CO is an elegant and efficient C++ base library that supports Linux, Windows and Mac platforms. It pursues minimalism and efficiency, and does not rely on third-party library such as boost.

CO includes coroutine library (golang-style), network library (tcp/http/rpc), log library, command line and configuration file parsing library, unit testing framework, json library and other basic components.

Documents

Highlights

  • co

    co is a golang-style C++ coroutine library with the following features:

    • Support multi-thread scheduling, the default number of threads is the number of system CPU cores.

    • Coroutines share the thread stack (the default size is 1MB), and the memory footprint is extremely low, a single machine can easily create millions of coroutines.

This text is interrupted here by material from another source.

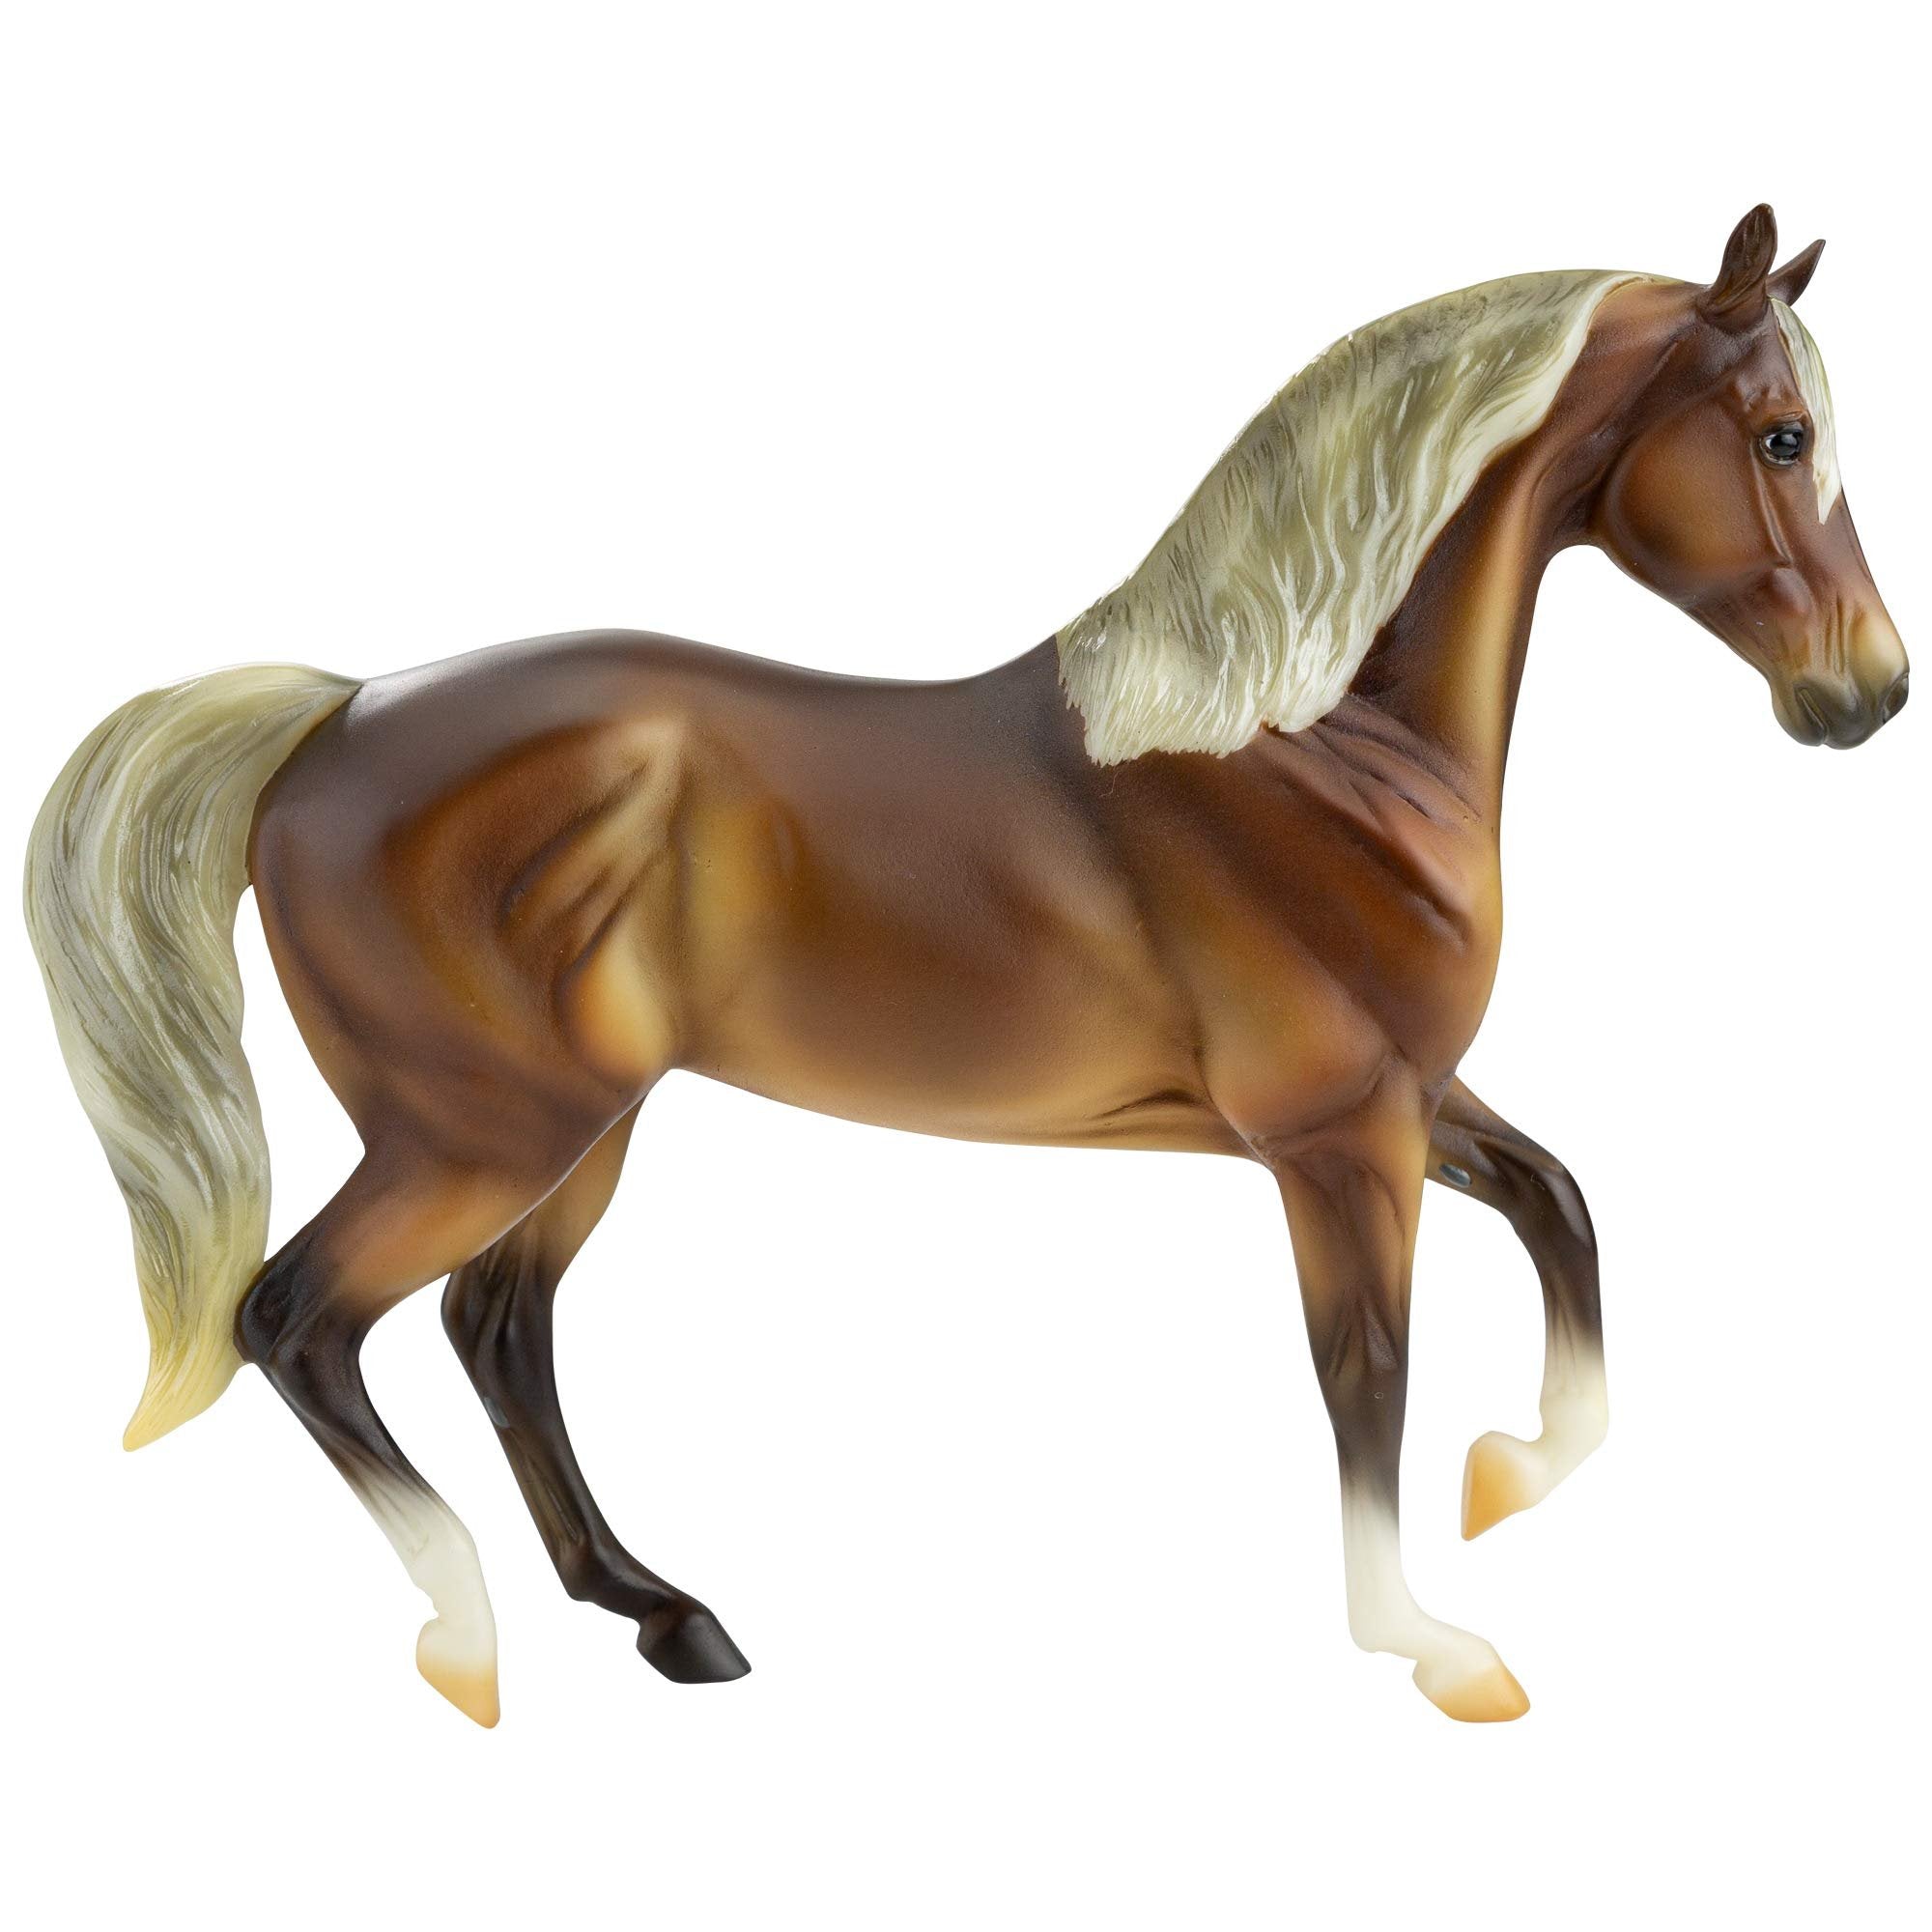 Breyer Horses Freedom Series Horse | Silver Bay Morab | 9.75" x 7" | 1:12 Scale | Horse Toy | Model #958, Brown
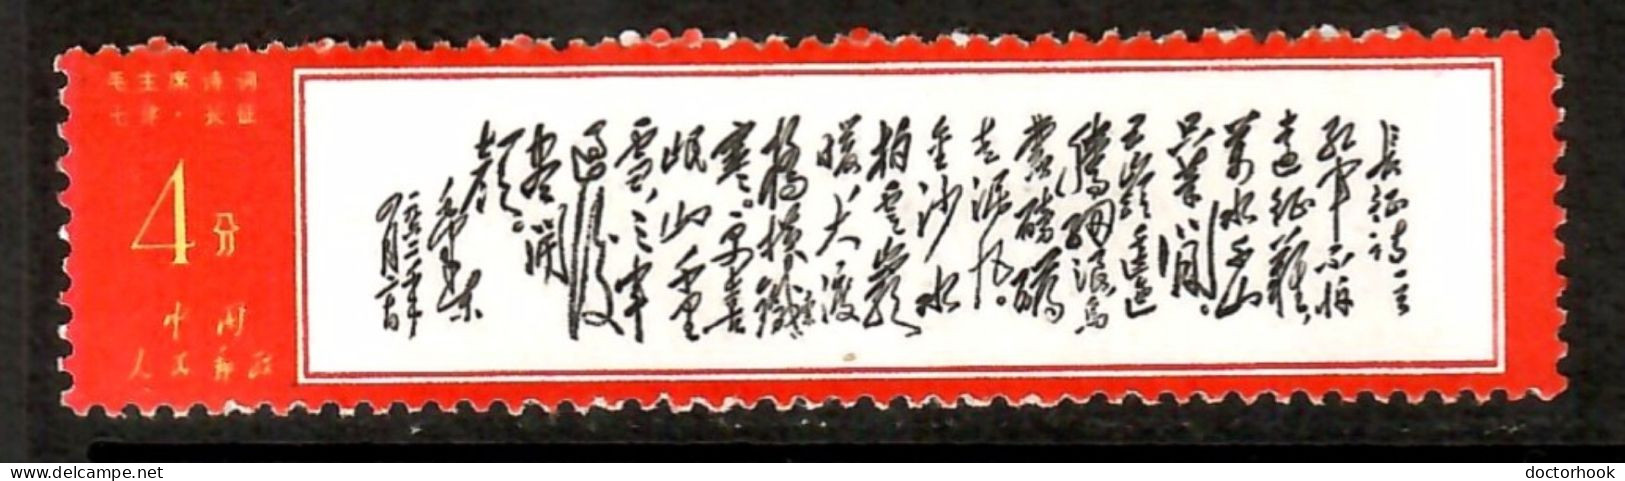 PEOPLES REPUBLIC Of CHINA   Scott # 967** MINT NH (CONDITION AS PER SCAN) (Stamp Scan # 1013-1) - Ongebruikt

    • Support system api hook (Linux & Mac).

    • Support coroutine lock co::Mutex.

    • Support coroutine synchronization event co::Event.

    • Support coroutine pool co::Pool.

    • create coroutine with go():

    void fun() {
        std::cout << "hello world" << std::endl;
    }
    
    go(fun);
  • so

    so is a C++ network library based on coroutines. You can easily write network programs that support both ipv4 and ipv6 with this library. It includes the following modules:

    • tcp module, supports general tcp programming.

    • http module, supports basic http programming.

    • rpc module, implements a rpc framework based on json, single-threaded qps can reach 120k+.

    • Write a static web server:

    #include "co/flag.h"
    #include "co/log.h"
    #include "co/so.h"
    
    DEF_string(d, ".", "root dir"); // Specify the root directory of the web server
    
    int main(int argc, char** argv) {
        flag::init(argc, argv);
        log::init();
    
        so::easy(FLG_d.c_str()); // mum never have to worry again
    
        return 0;
    }
    • Write a general http server
    http::Server serv("0.0.0.0", 80);
    
    serv.on_req(
        [](const http::Req& req, http::Res& res) {
            if (req.is_method_get()) {
                if (req.url() == "/hello") {
                    res.set_status(200);
                    res.set_body("hello world");
                } else {
                    res.set_status(404);
                }
            } else {
                res.set_status(501);
            }
        }
    );
    
    serv.start();
  • log

    log is a super fast local logging system, printing logs is safer than printf:

    LOG << "hello "<< 23;   // info
    ELOG << "hello again";  // error

    Let's see how fast it is below:

    log vs glog google glog co/log
    win2012 HHD 1.6MB/s 180MB/s
    win10 SSD 3.7MB/s 560MB/s
    mac SSD 17MB/s 450MB/s
    linux SSD 54MB/s 1023MB/s

    The above table is the test result of one million info logs (about 50 bytes each) continuously printed by a single thread. The co/log is almost two orders of magnitude faster than glog.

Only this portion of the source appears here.